Another organization, Open To Hope, was started by Gloria
Horsley and her daughter Heidi Horsley, when Gloria’s son Scott died.
Q: What are you working on now?
A: The only other book I thought I might do is a book on
poetry from parents. Their words are such gems. I put them into poetry form.
That’s one of my wishes, to have that book come out. Now I’m focused on The
Unspeakable Loss, and getting it out in the world.
Q: Anything else we should know?
A: The book is written in a question and answer format so
people can read the book by picking it up and skimming it, looking for a
subject they are interested in at the moment. It’s something that can be given
[to someone who is bereaved] a week or a day after their child dies, or years
later.
Often we have grief brain.

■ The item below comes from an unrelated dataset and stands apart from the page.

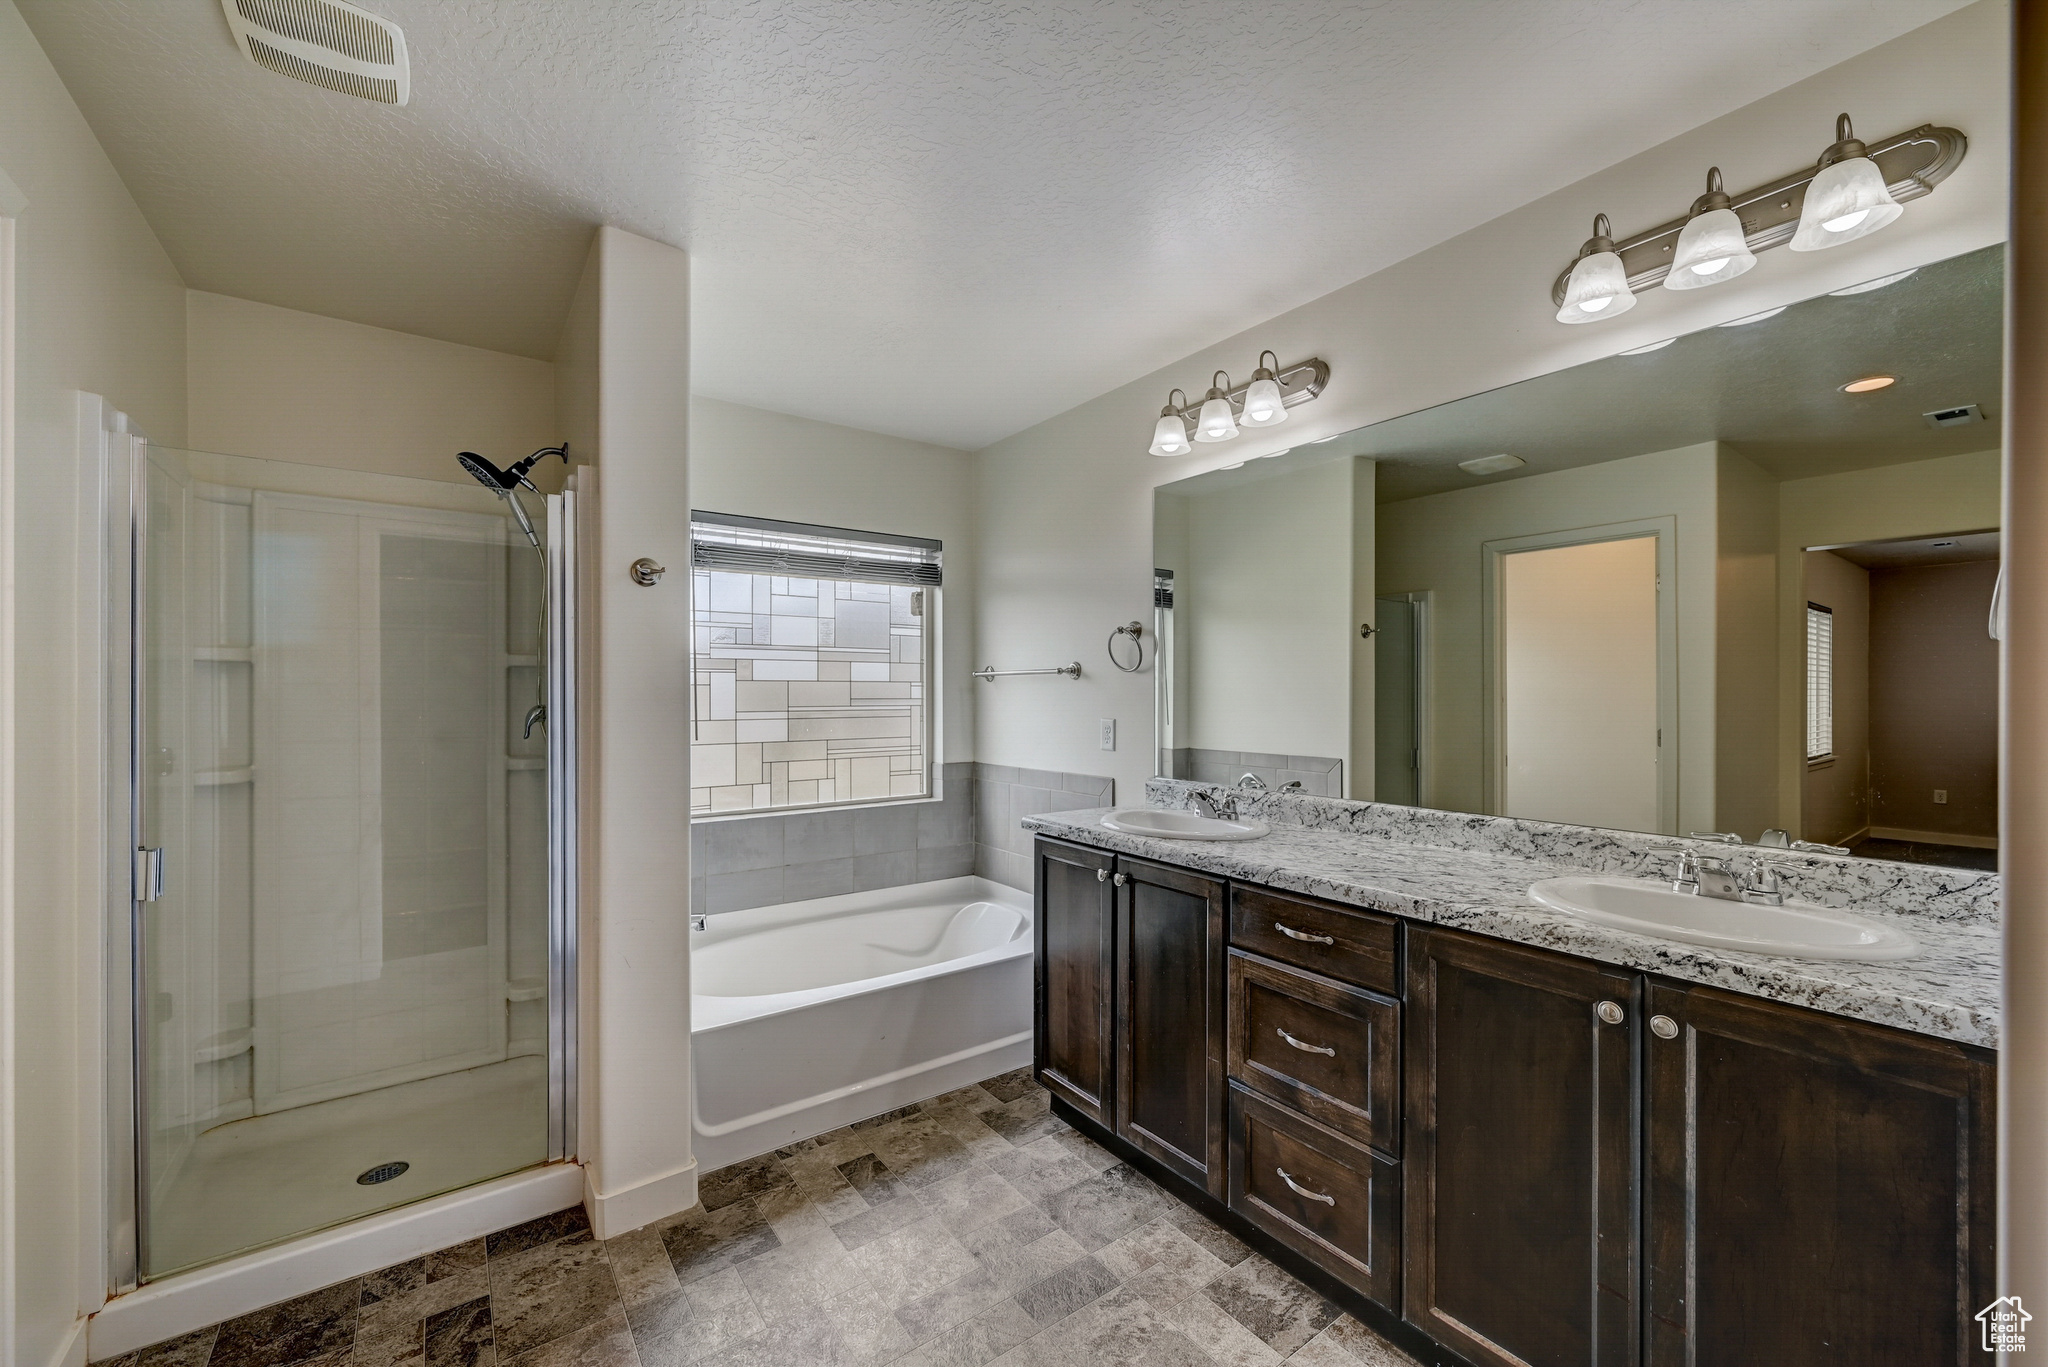 Bathroom with dual sinks, independent shower and bath, a textured ceiling, large vanity,

I wanted it to be something
people could pick up according to where they are in the process.
It also has a section if you’re the friend or family
member—what to say and not to say. People want to be loving and supportive, but
they say things that are not loving and supportive because of lack of
knowledge.
Also I think of the book not as my book but as our book.
There are so many experiences and wisdom from other parents and families. It’s
a collaboration of other people wanting to help.
I narrated the book—it is on all the Audible sites. It is
six hours when recorded….
Grief can change you. You have so many choices about how to
life after your child dies. You can open your heart to other people who have
sorrow, not to be afraid but to go toward life and love. The book is really
about the choice to go toward life and loving.